Top Philippine banks’ strong capitalisation, liquidity a buffer for macro risks
Provisioning costs are expected to remain elevated as they expand their consumer loan books.
The top 10 banks in the Philippines should be able to cope with tariff-related “test” thanks to their strong capitalisation and liquidity.
"The Philippine economy should be resilient to tariffs due to low reliance on exports. Philippine banks' credit quality will stay strong amid relatively benign economic conditions," said Nikita Anand, S&P Global Ratings credit analyst.
However, indirect effects such as lower consumer spending and business volumes could affect the bank’s growth prospects and reduce profitability.
Philippine banks are expected to continue pursuing higher risk-adjusted returns by expanding their consumer loan books. Whilst this will improve diversification, the local consumer lending sector may lead to higher non-performing loans, Anand said.
“Banks' provisioning costs should hence stay elevated compared to historical averages.
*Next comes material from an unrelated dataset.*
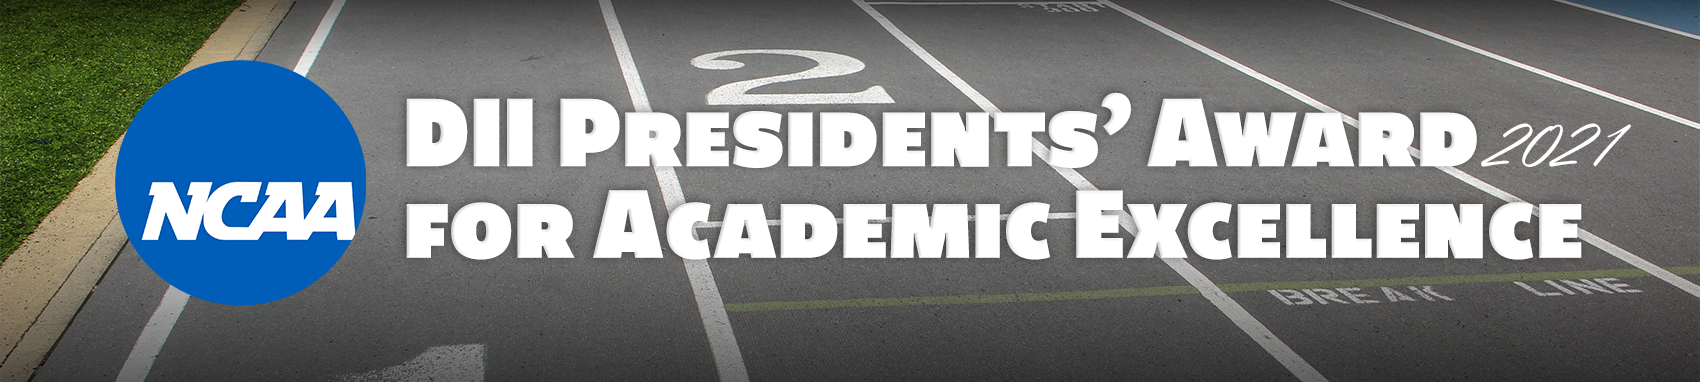 2021 DII Presidents' Award for Academic Excellence

The asset quality of banks with a higher share of unsecured consumer loans should stay weaker than the sector average,” Anand said.
Philippine banks’ profitability has improved with better margins and sustained reduction of operation expenses.
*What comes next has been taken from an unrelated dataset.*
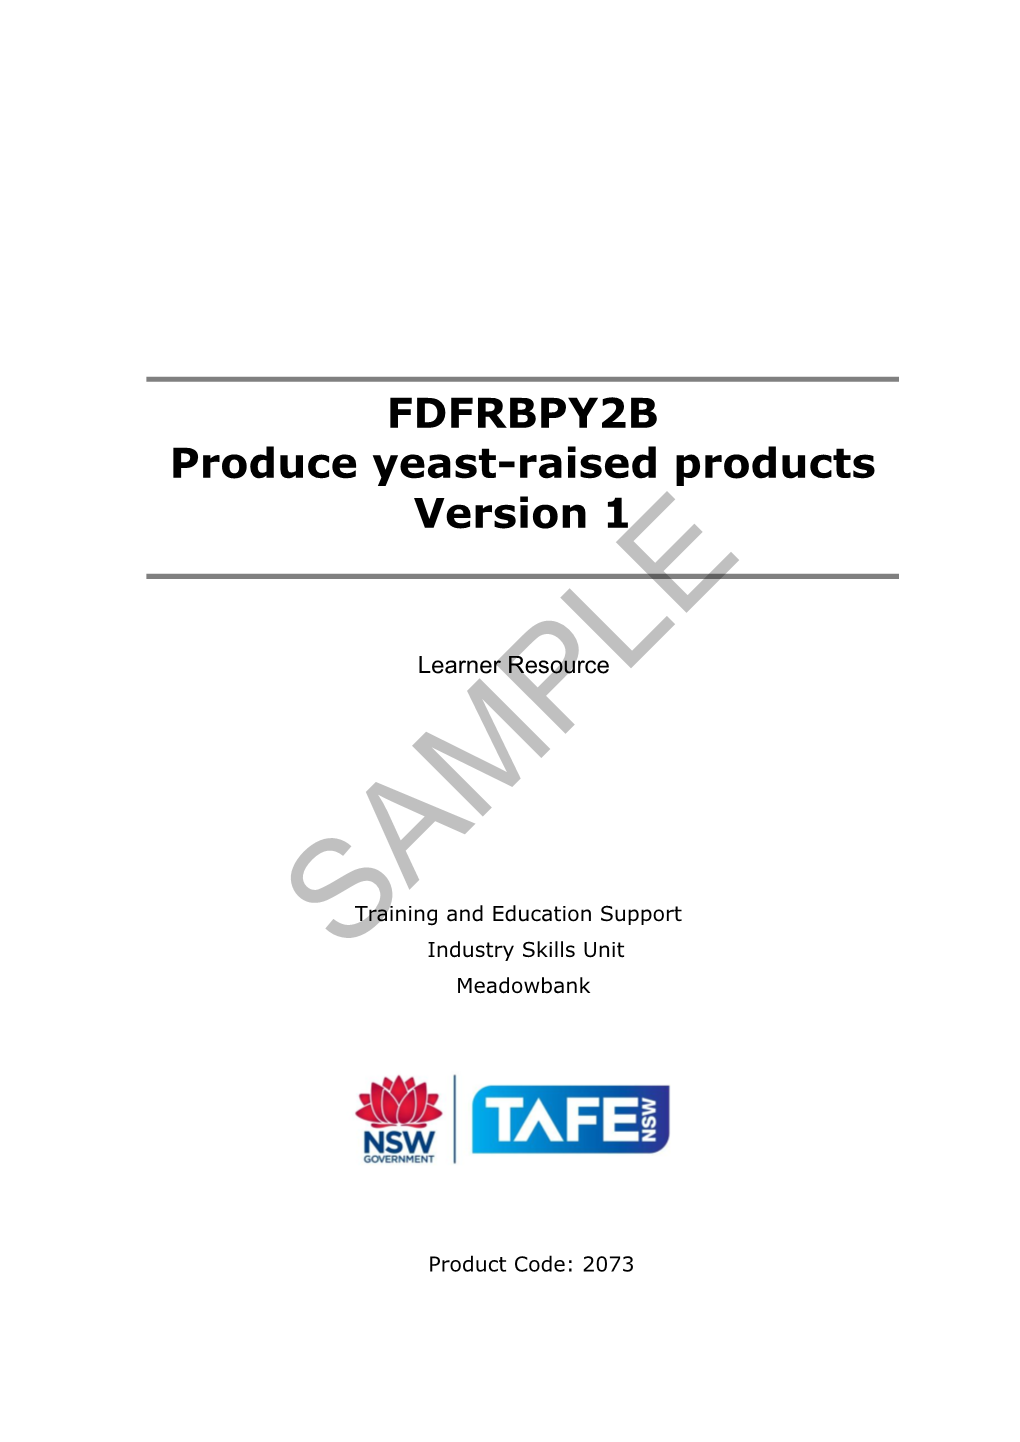 FDFRBPY2B Produce Yeast-Raised Products Version 1

“Midsize banks' profitability is likely to trail that of larger banks due to their higher share of riskier unsecured consumer loans and higher cost of funds as reflected in their relatively small deposit franchises," Anand said.
"State-owned banks' profitability should stay lower than that of private banks due to their policy role and vulnerable borrower profile. Large banks generally have strong capitalization and liquidity that will cushion them against unexpected risks,” Anand added.